Um barulho característico do mecanismo de uma fechadura ouviu-se junto com os agudos destorcidos das dobradiças antigas na entrada do calabouço. Os guardiões vieram buscá-lo. Lobo Negro segurou firme a empunhadura de sua espada, enquanto era conduzido para uma arena improvisada fora dos muros da fortaleza. Ao chegar, a situação apresentava-se mais favorável do que imaginara. Os soldados fixos, mediante anos de ócio e dependência dos bem treinados guardas do Norte, estavam em numero não maior que quinze e não demonstravam o preparo de um típico guerreiro daqueles conturbados tempos. O único que talvez preocupasse Lobo Negro seria seu adversário, um gigante em comparação aos demais e inclusive para os padrões do povo a que Lobo Negro pertencia. Claro que como este, muitos outros foram vencidos com facilidade. Sabia que o tamanho, para um Cavaleiro X. não importava. “Um homem é sempre um homem, e quando uma luta é justa o inimigo aparentemente invencível pode ser vencido”, pensava Lobo Negro em um de seus ensinamentos ainda aprendidos em tenra idade. Apesar de um número reduzido, os guardiões faziam um barulho ensurdecedor com seus gritos e instrumentos musicais, soando um ritmo surdo e funesto, provocando em Lobo Negro uma sensação de repulsa.

Conduzido e apresentado ao seu adversário, o espetáculo horrendo teve início. Como era característico da cultura pacifista e diplomática da Ordem dos Cavaleiros X., Lobo Negro, por convicção, disse ao seu adversário:

- Apresente-se com honra e desista deste combate companheiro de desgraça, afinal não há vergonha em querer a paz – curvava-se Lobo Negro em sinal de respeito.

Com um olhar irônico o gigante gargalhou com artificialidade e disse com sua voz rouca, porém com uma dicção perfeita e em volume audível a pelo menos duzentos metros:

- Não diga sandices criatura repugnante.
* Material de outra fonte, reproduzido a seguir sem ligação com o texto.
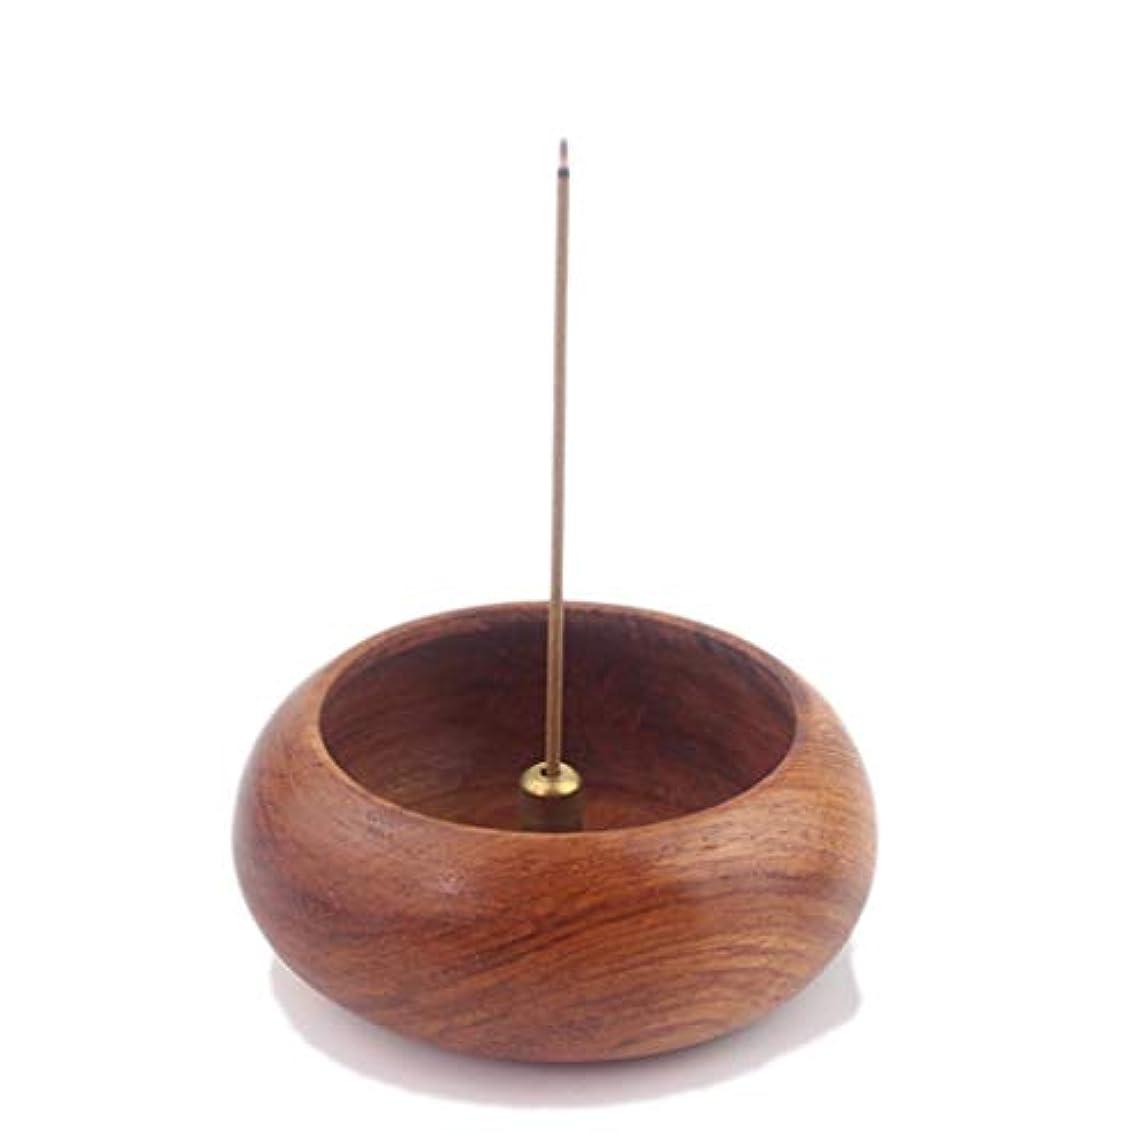 幅レイプ閉じ込めるローズウッドボウル型香炉ホルダーキャンドルアロマセラピー炉香ホルダーホームリビングルーム香バーナー装飾 (Color : Wood, サイズ : 6.2*2.4cm)
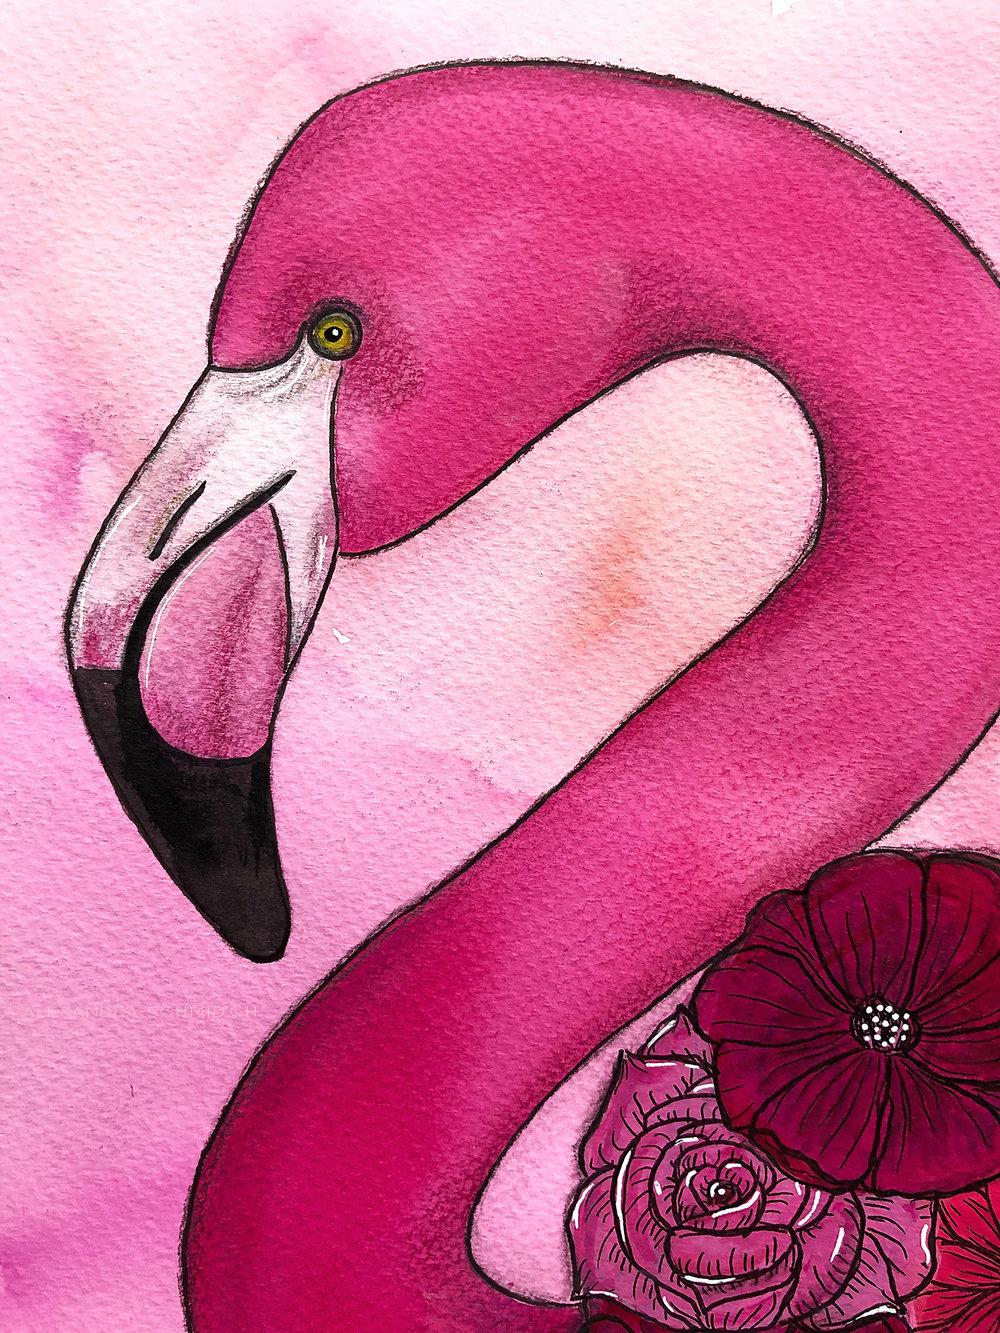 AS_Flamingo2Insta.jpg

Sua morte dará um espetáculo agradável aos guardiões desta fortaleza. Um estrangeiro como você não dita ordens aqui! – exclamava o guerreiro adversário de Lobo Negro.

Não havia outra solução a não ser lutar, mas mesmo assim o código dos cavaleiros não permite o ataque direto a não ser que o adversário o faça. Assim a morte deste seria justa, como um ato de defesa. Mesmo respeitando o código, Lobo Negro sabia do risco que o ato de defesa produzia a um guerreiro, deixando que seus movimentos fossem previstos pelo adversário. A reversão desta condição teria que ser feita após o primeiro golpe aplicado, fazendo com que o ataque passasse a ser seu.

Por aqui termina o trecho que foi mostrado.